**INSTRUCTIONS FOR THE TASK**
Reproduce the lines below exactly. Skip images.

**DATA EXTRACT**
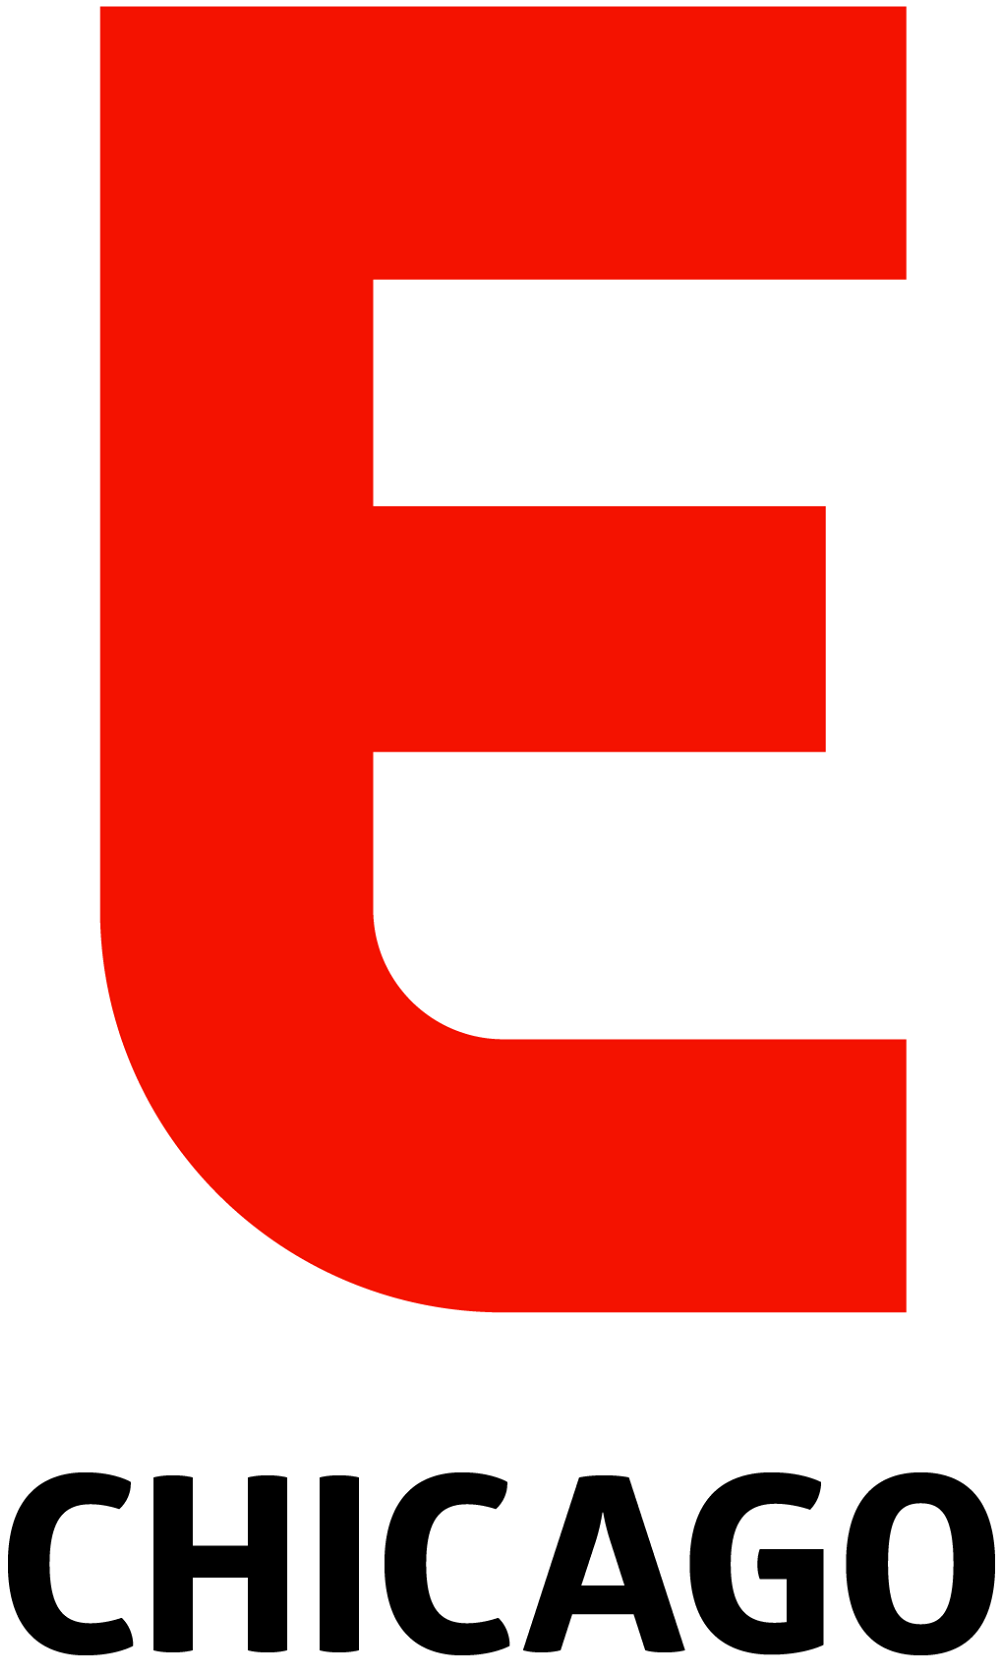 eater-logo
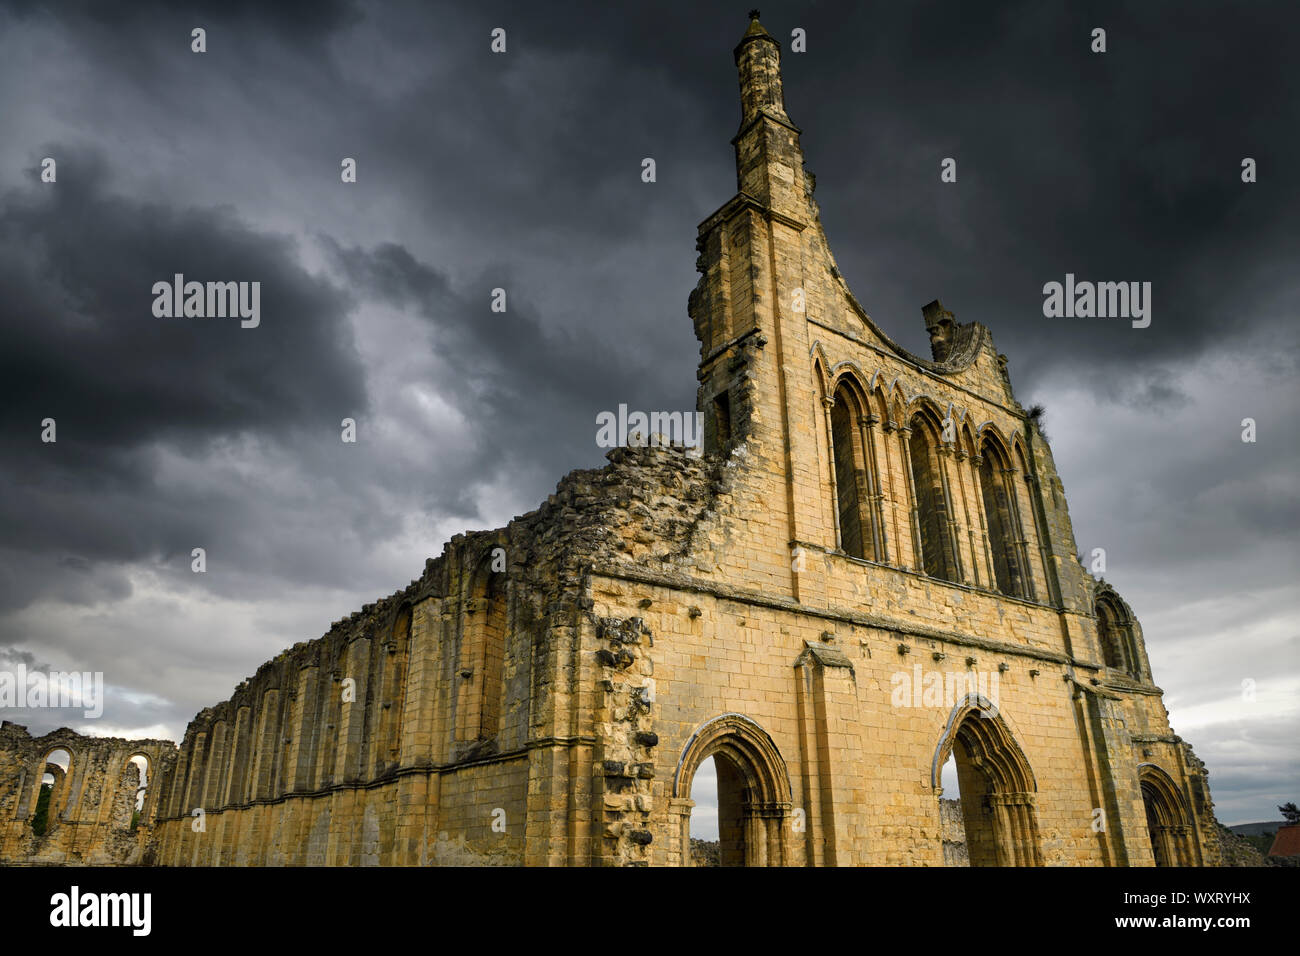 Grande église médiévale ruines de Byland Abbey North Yorkshire Angleterre avec dark storm clouds at sunset Banque D'Images
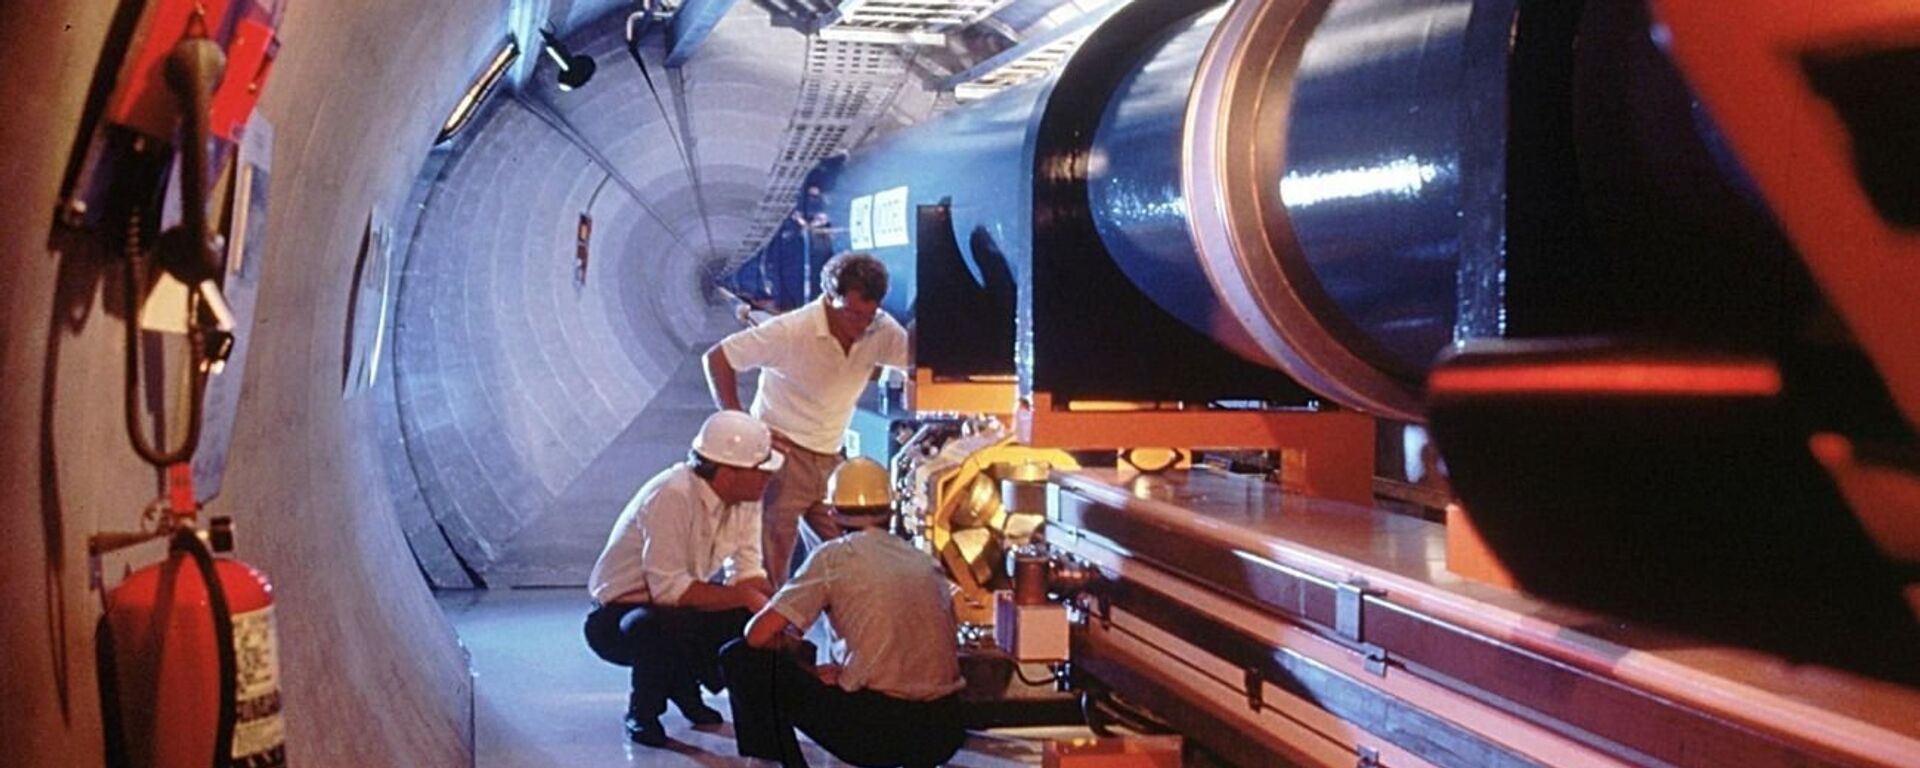 Највећа и најважнија истраживања ЦЕРН-а обављају се у Великом хадронском сударачу, подземном тунелу дугачком 27 километара на граници Швајцарске и Француске - Sputnik Србија, 1920, 02.01.2022

**ANSWER TO THIS TASK**
 eater-logo
 Grande église médiévale ruines de Byland Abbey North Yorkshire Angleterre avec dark storm clouds at sunset Banque D'Images
 Највећа и најважнија истраживања ЦЕРН-а обављају се у Великом хадронском сударачу, подземном тунелу дугачком 27 километара на граници Швајцарске и Француске - Sputnik Србија, 1920, 02.01.2022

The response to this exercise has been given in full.